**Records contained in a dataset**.
====================

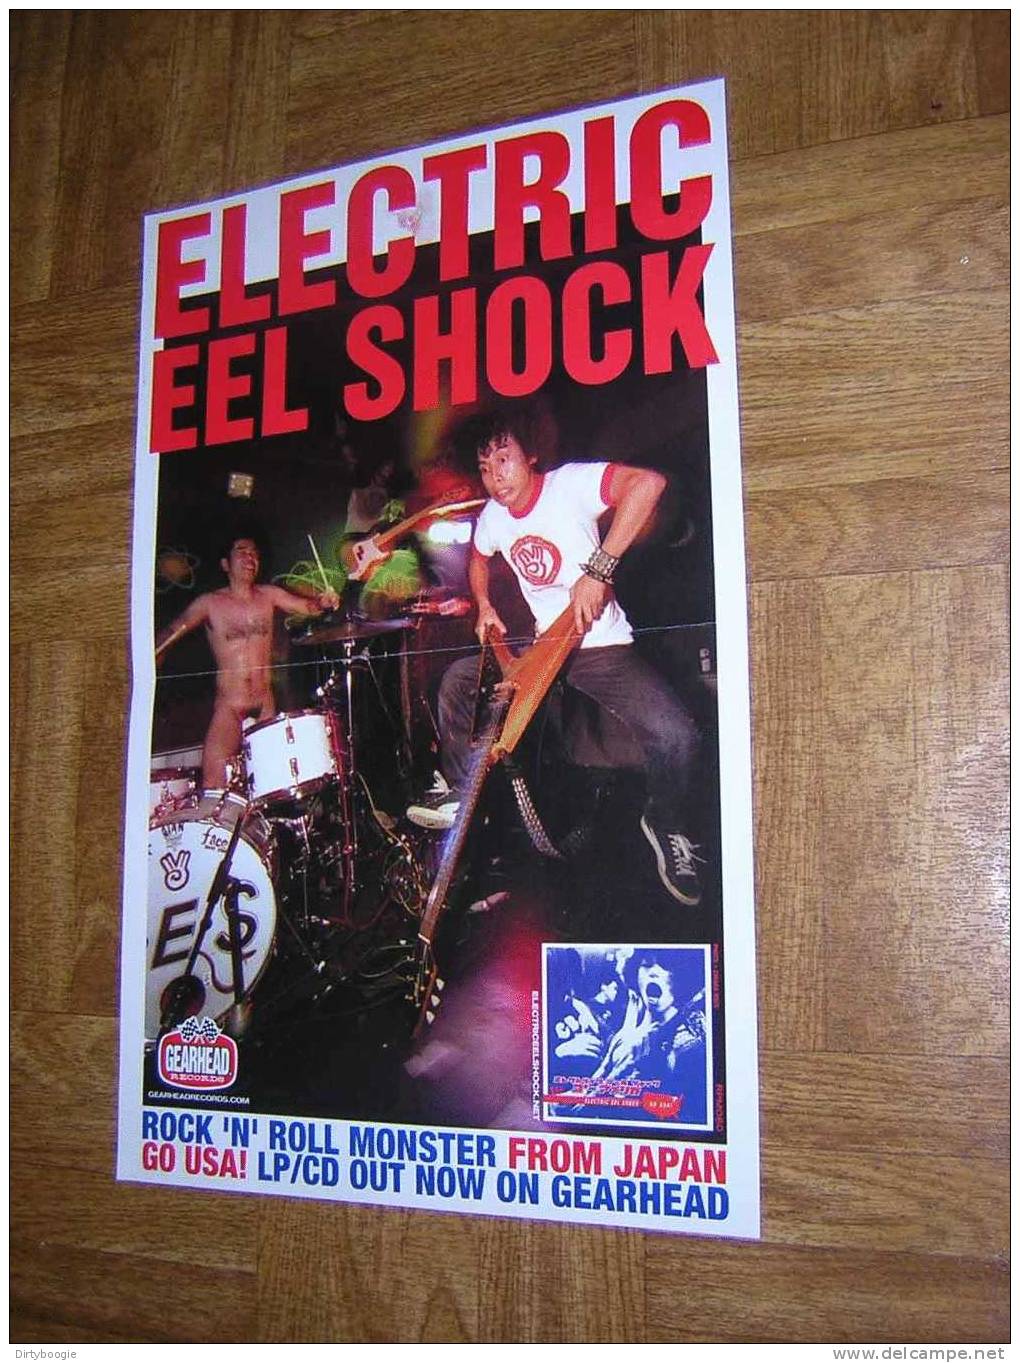 ELECTRIC EEL SHOCK - AFFICHETTE - ROCK'N'ROLL MONSTER FROM JAPAN - GEARHEAD RECORDS - Afiches & Pósters
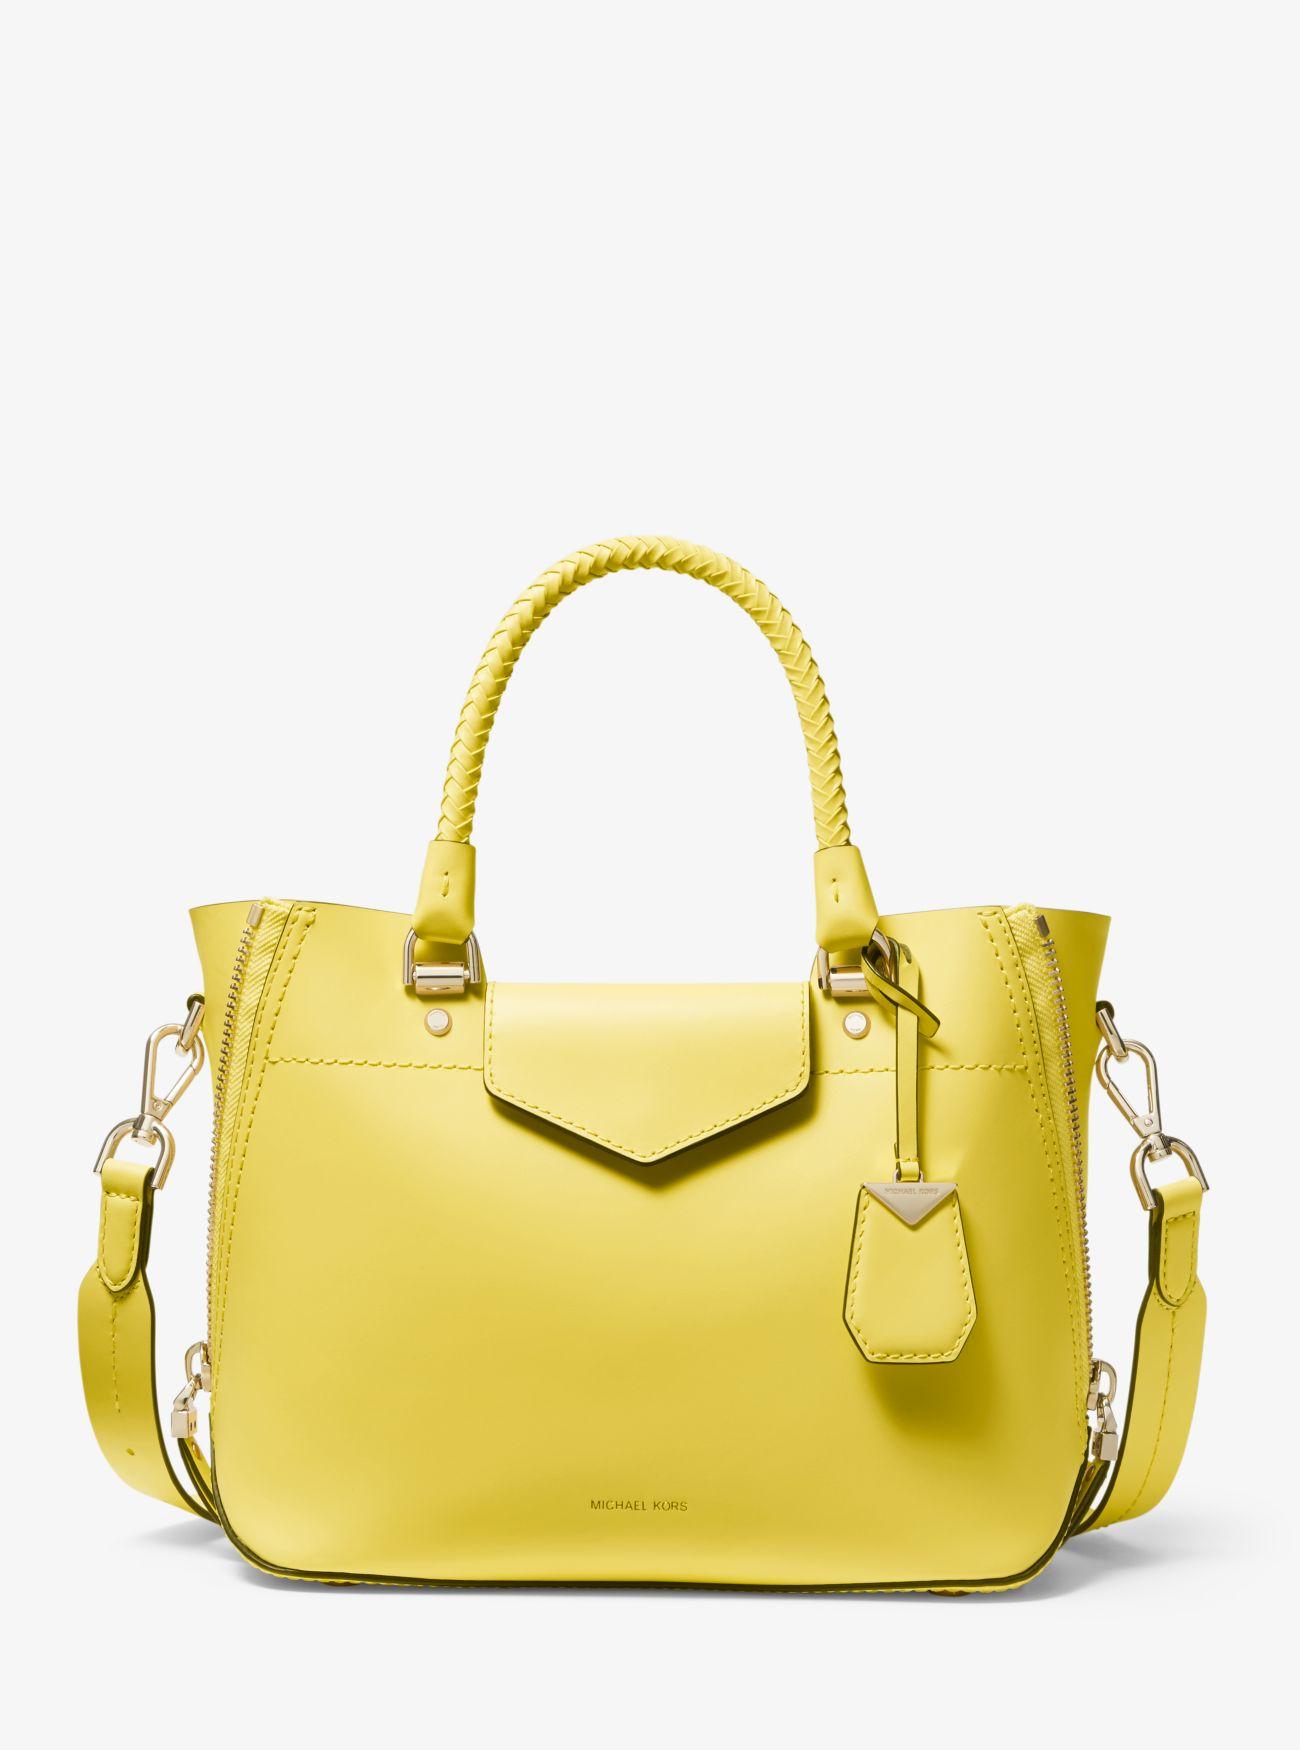 Michael Kors Blakely Leather Satchel in Yellow - Lyst
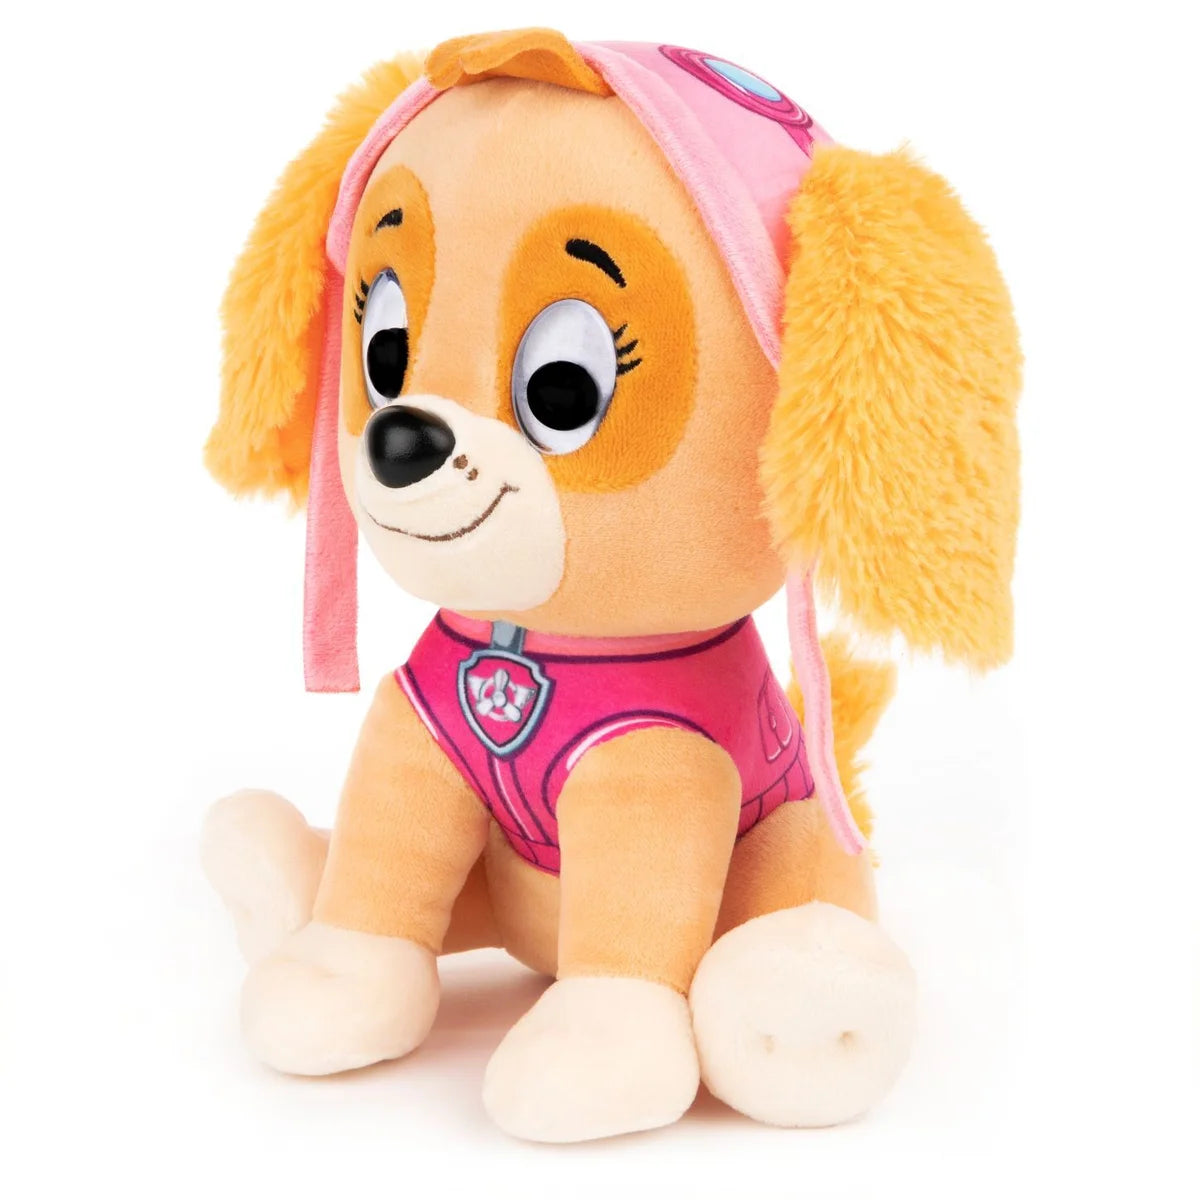 GUND Paw Patrol Skye in Signature Aviator Pilot Uniform for Ages 1 and Up, 9" - Plush Toys Heretoserveyou
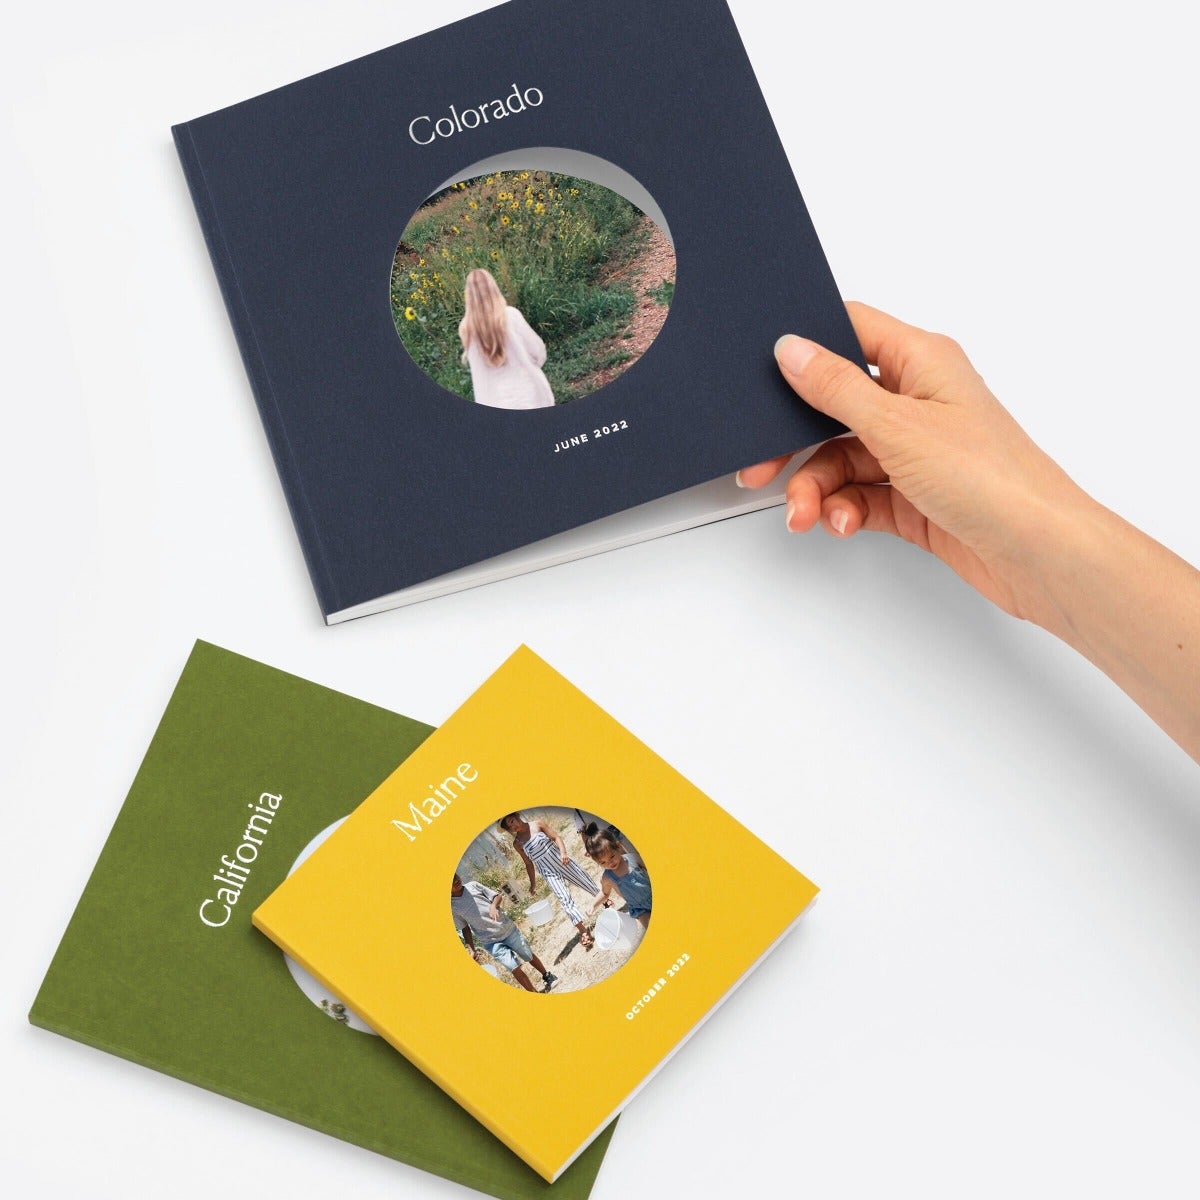 Color Series, Start a Photo Book Collection
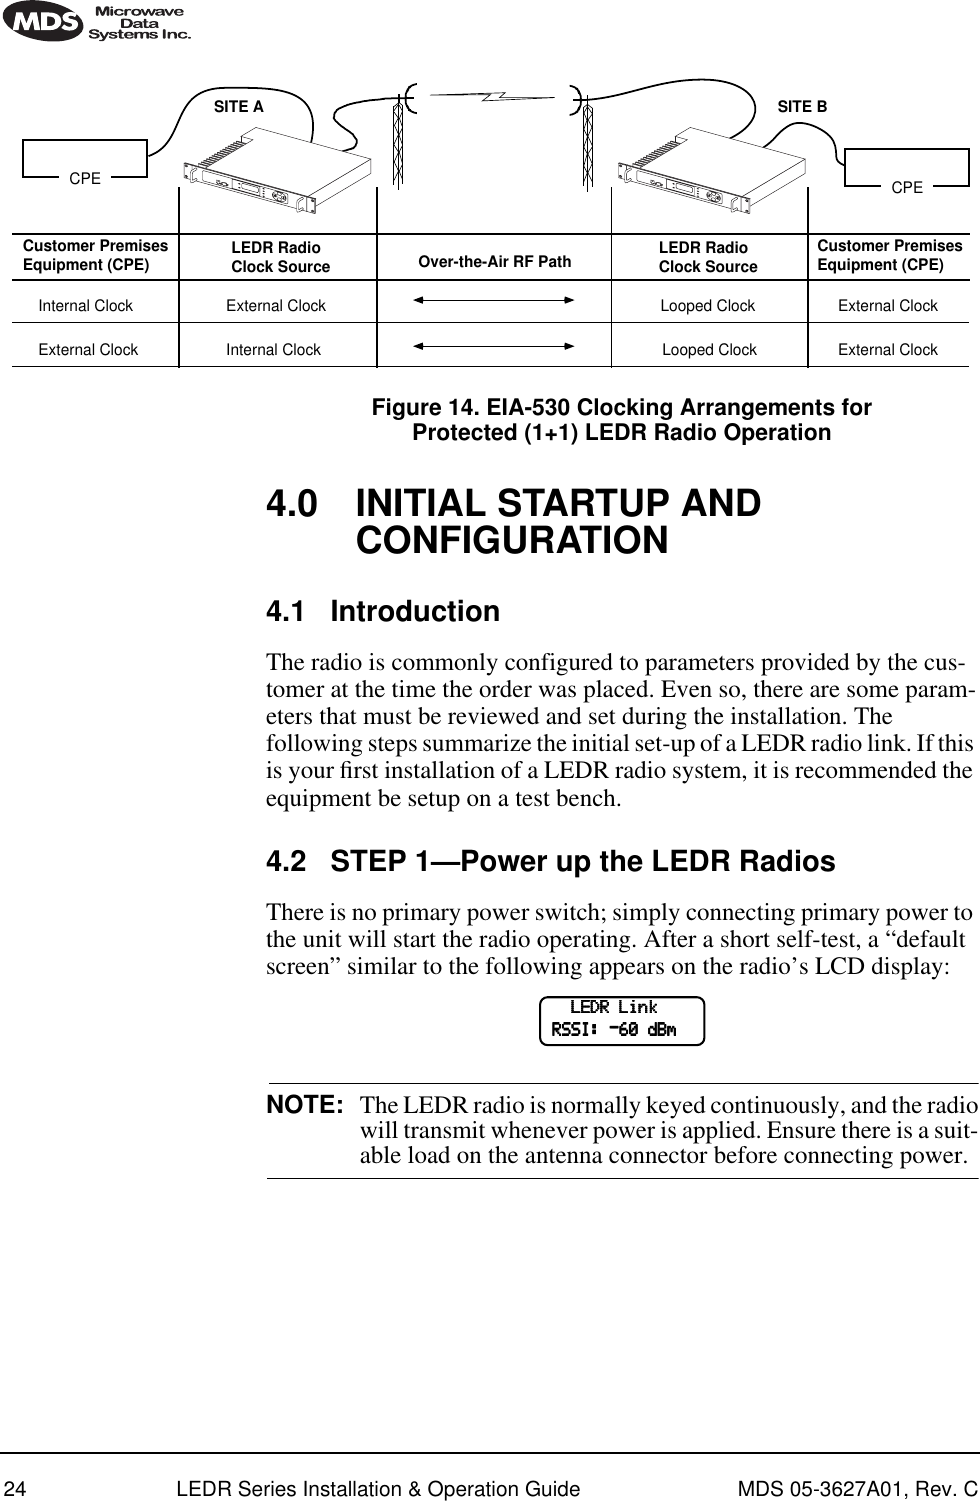 24 LEDR Series Installation &amp; Operation Guide MDS 05-3627A01, Rev. CFigure 14. EIA-530 Clocking Arrangements for Protected (1+1) LEDR Radio Operation4.0 INITIAL STARTUP AND CONFIGURATION4.1 IntroductionThe radio is commonly configured to parameters provided by the cus-tomer at the time the order was placed. Even so, there are some param-eters that must be reviewed and set during the installation. The following steps summarize the initial set-up of a LEDR radio link. If this is your ﬁrst installation of a LEDR radio system, it is recommended the equipment be setup on a test bench.4.2 STEP 1—Power up the LEDR RadiosThere is no primary power switch; simply connecting primary power to the unit will start the radio operating. After a short self-test, a “default screen” similar to the following appears on the radio’s LCD display:NOTE: The LEDR radio is normally keyed continuously, and the radiowill transmit whenever power is applied. Ensure there is a suit-able load on the antenna connector before connecting power.Over-the-Air RF PathCPECustomer PremisesEquipment (CPE) LEDR RadioClock SourceCPEInternal Clock External Clock Looped Clock External ClockExternal Clock Internal Clock Looped Clock External ClockCustomer PremisesEquipment (CPE)SITE A SITE BLEDR RadioClock Source            LLLLEEEEDDDDRRRR    LLLLiiiinnnnkkkk                    RRRRSSSSSSSSIIII::::    ----66660000    ddddBBBBmmmm

====================

Once you find the line that contains "GUND Paw Patrol", reproduce it and every line after it through the end of the entries above, exactly as written, with no pictures.

**Answer**.
 GUND Paw Patrol Skye in Signature Aviator Pilot Uniform for Ages 1 and Up, 9" - Plush Toys Heretoserveyou
 Color Series, Start a Photo Book Collection
 24 LEDR Series Installation &amp; Operation Guide MDS 05-3627A01, Rev. CFigure 14. EIA-530 Clocking Arrangements for Protected (1+1) LEDR Radio Operation4.0 INITIAL STARTUP AND CONFIGURATION4.1 IntroductionThe radio is commonly configured to parameters provided by the cus-tomer at the time the order was placed. Even so, there are some param-eters that must be reviewed and set during the installation. The following steps summarize the initial set-up of a LEDR radio link. If this is your ﬁrst installation of a LEDR radio system, it is recommended the equipment be setup on a test bench.4.2 STEP 1—Power up the LEDR RadiosThere is no primary power switch; simply connecting primary power to the unit will start the radio operating. After a short self-test, a “default screen” similar to the following appears on the radio’s LCD display:NOTE: The LEDR radio is normally keyed continuously, and the radiowill transmit whenever power is applied. Ensure there is a suit-able load on the antenna connector before connecting power.Over-the-Air RF PathCPECustomer PremisesEquipment (CPE) LEDR RadioClock SourceCPEInternal Clock External Clock Looped Clock External ClockExternal Clock Internal Clock Looped Clock External ClockCustomer PremisesEquipment (CPE)SITE A SITE BLEDR RadioClock Source            LLLLEEEEDDDDRRRR    LLLLiiiinnnnkkkk                    RRRRSSSSSSSSIIII::::    ----66660000    ddddBBBBmmmm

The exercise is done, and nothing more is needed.